> _What the task asks_
Each line below must be transcribed exactly, and no picture may appear in the transcription.

--- Provided data Enclosed Below ---

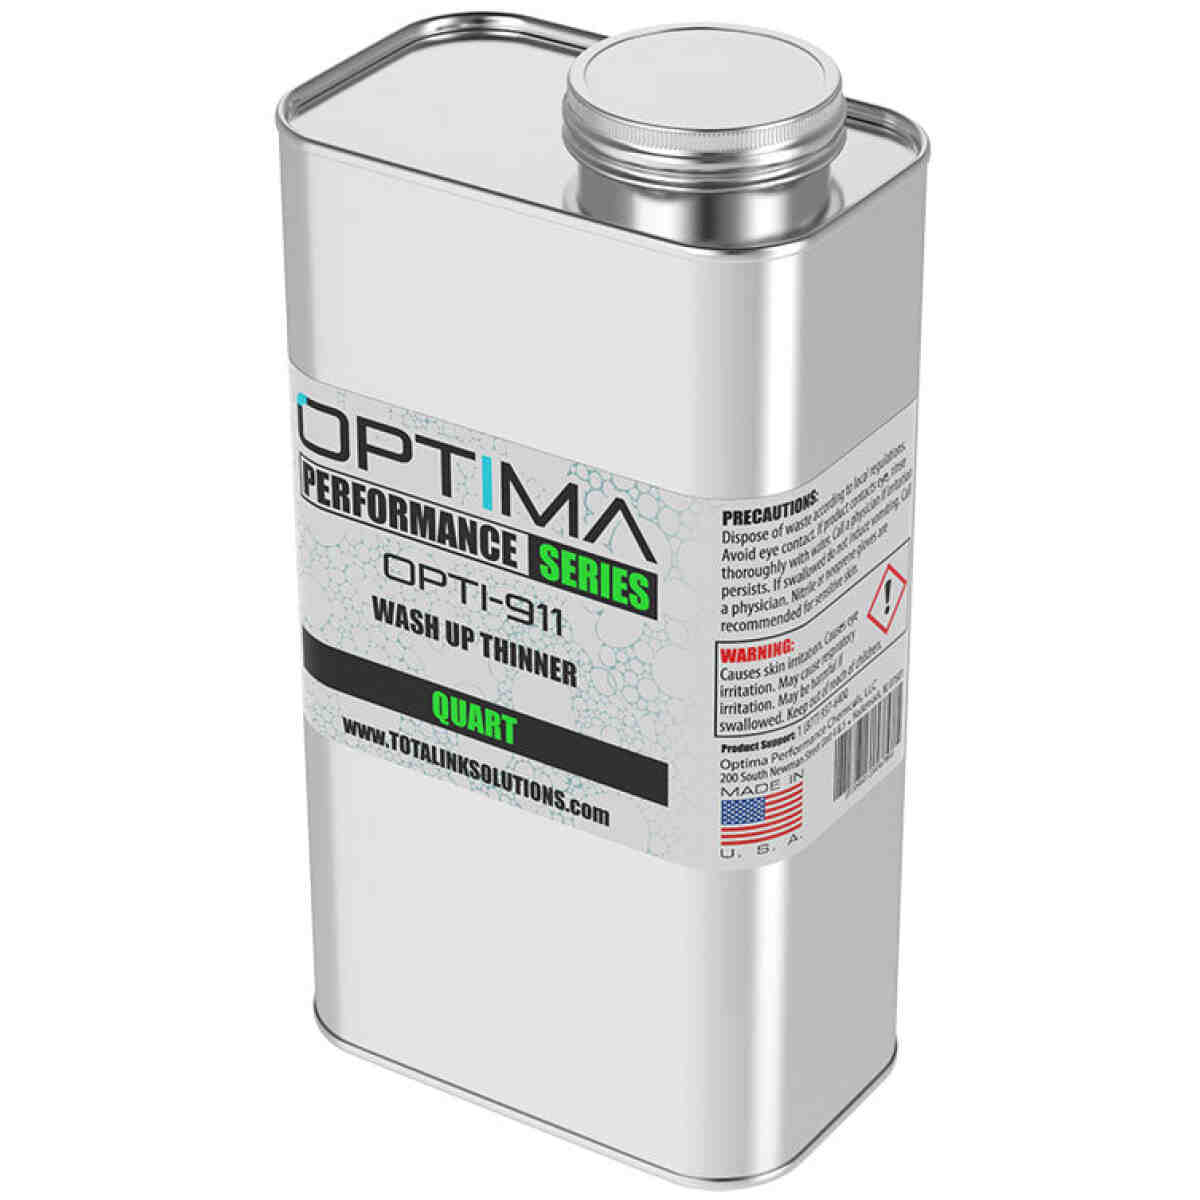 Opti-911 Wash Up Thinner OPTIMA PERFORMANCE SERIES®
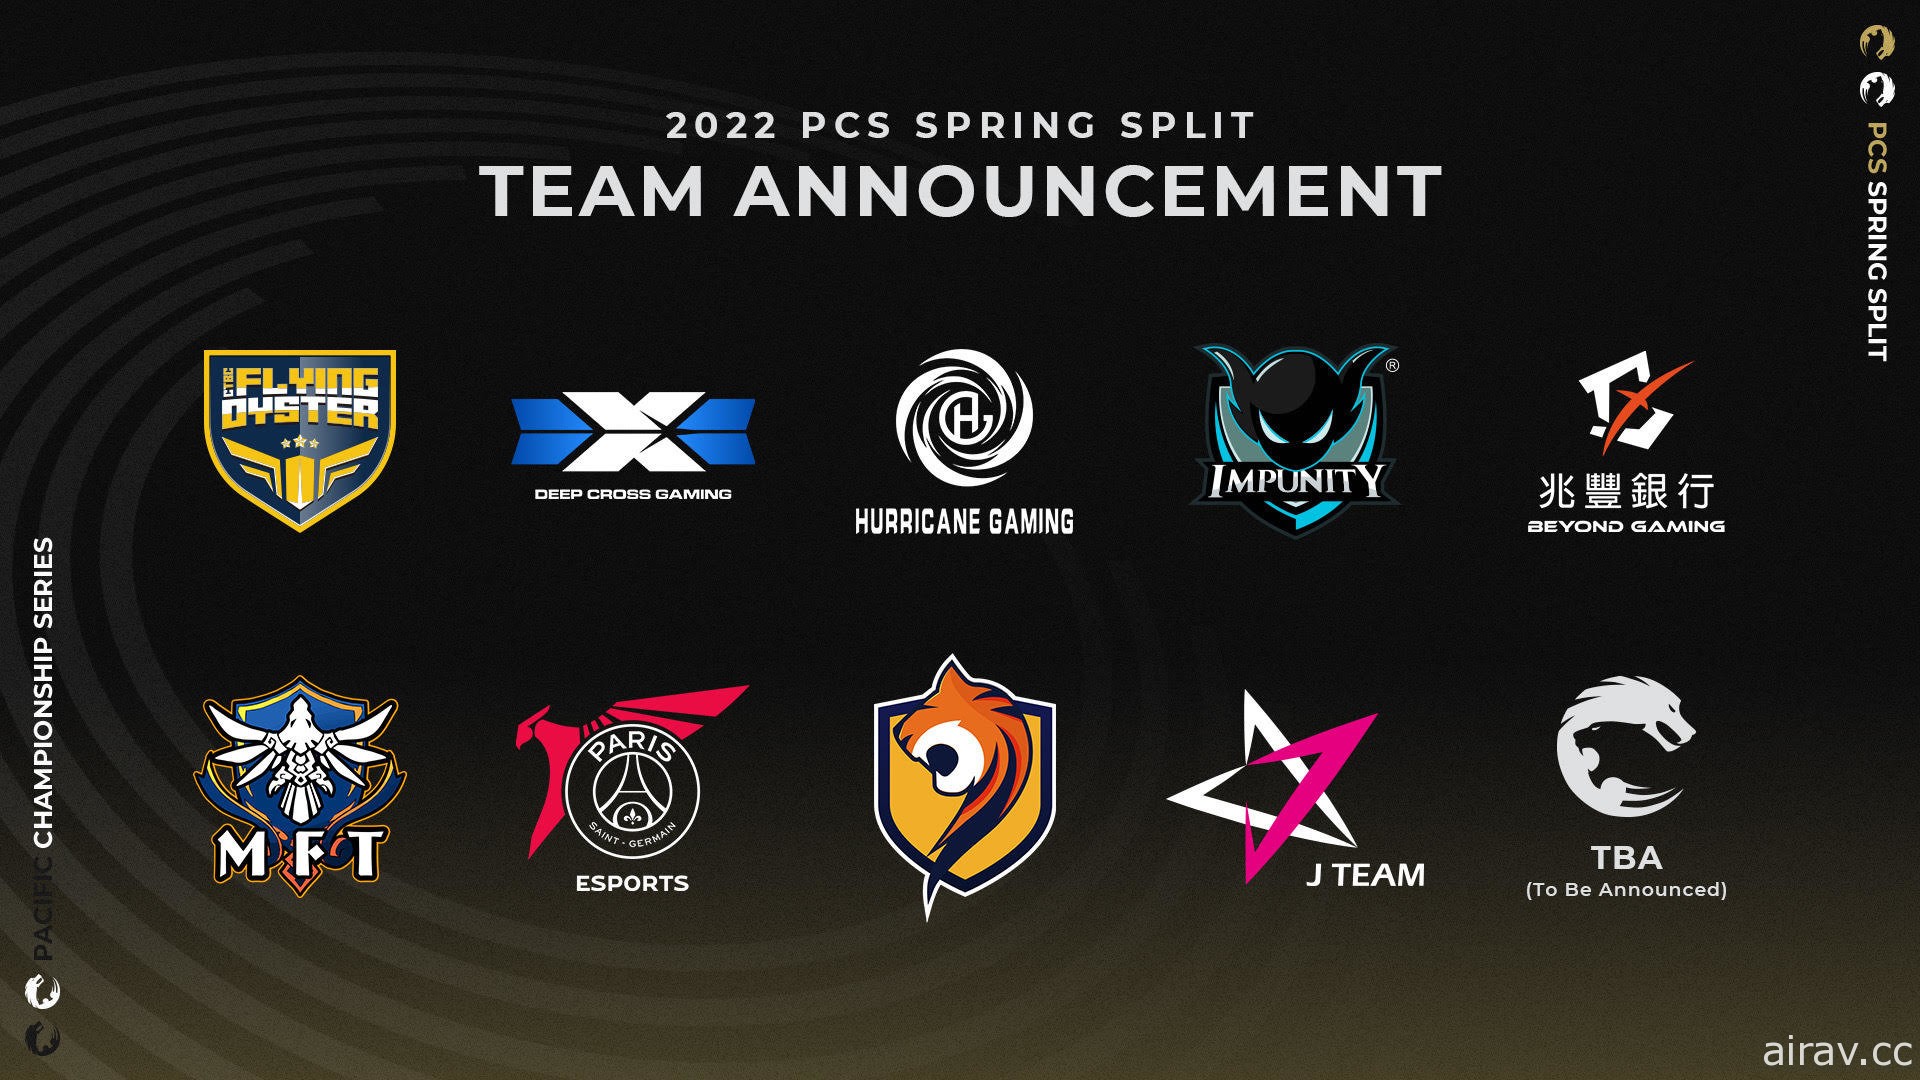 2022《英雄聯盟》PCS 聯賽 2 月 11 日開打 10 支隊伍中有 6 支是新隊伍
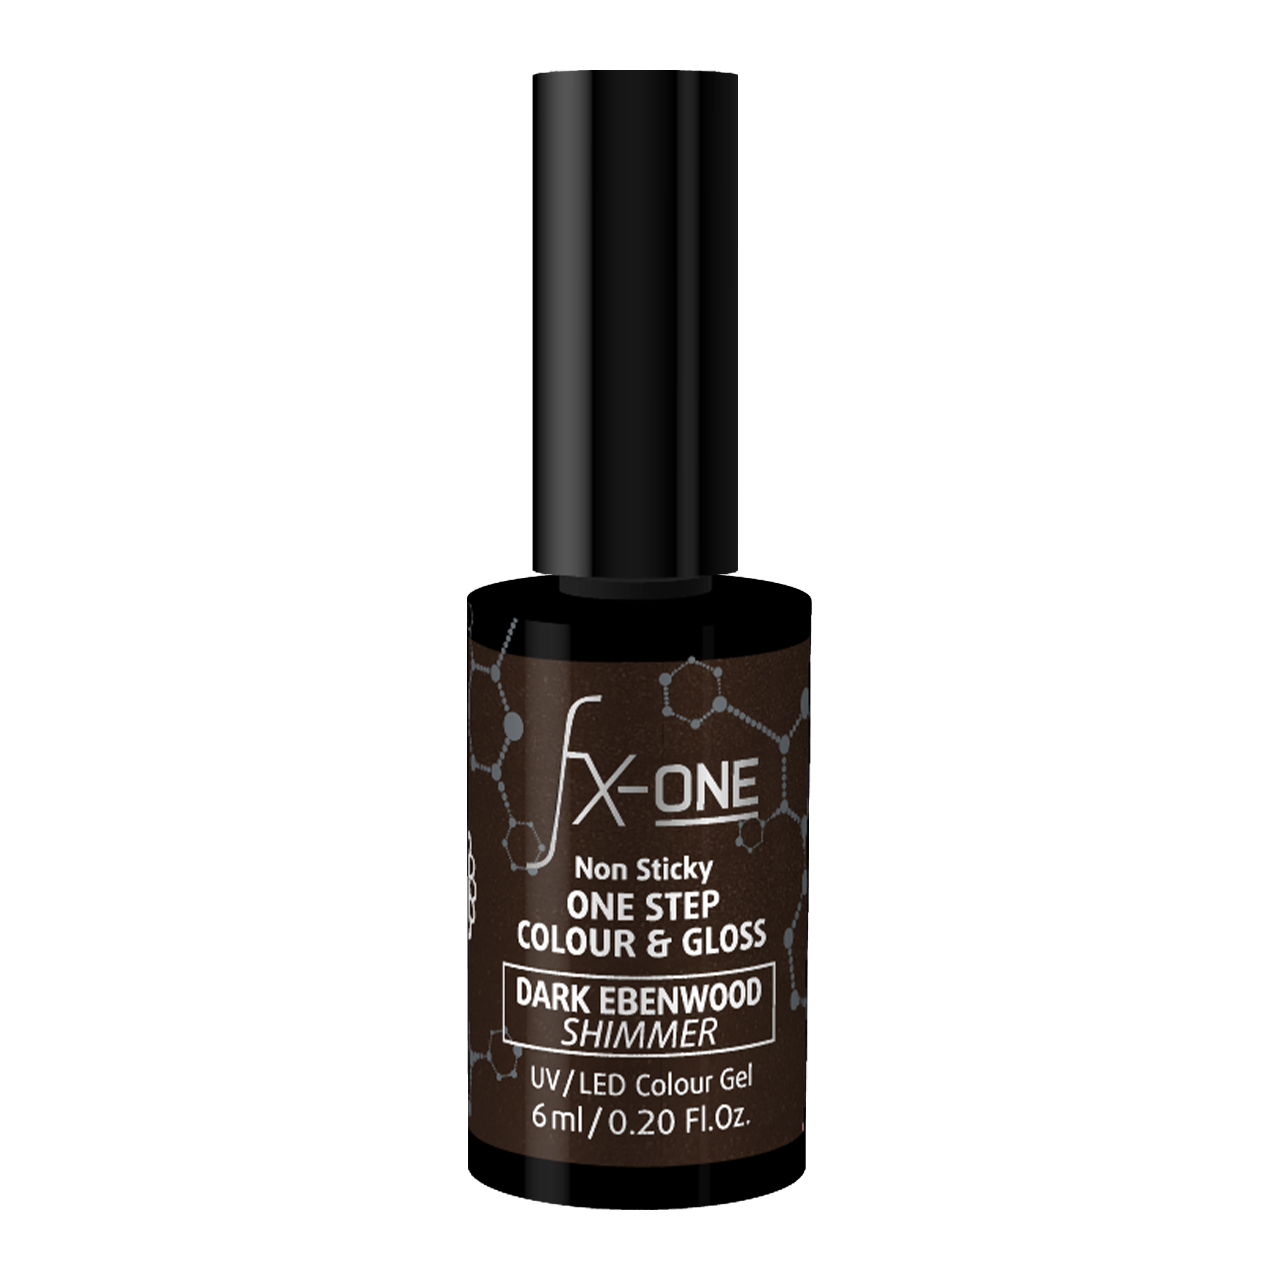 FX-ONE Colour & Gloss Dark Ebenwood Shimmer

--- End of Enclosed Provided data ---

> _Task output_
 Opti-911 Wash Up Thinner OPTIMA PERFORMANCE SERIES®
 2022《英雄聯盟》PCS 聯賽 2 月 11 日開打 10 支隊伍中有 6 支是新隊伍
 FX-ONE Colour & Gloss Dark Ebenwood Shimmer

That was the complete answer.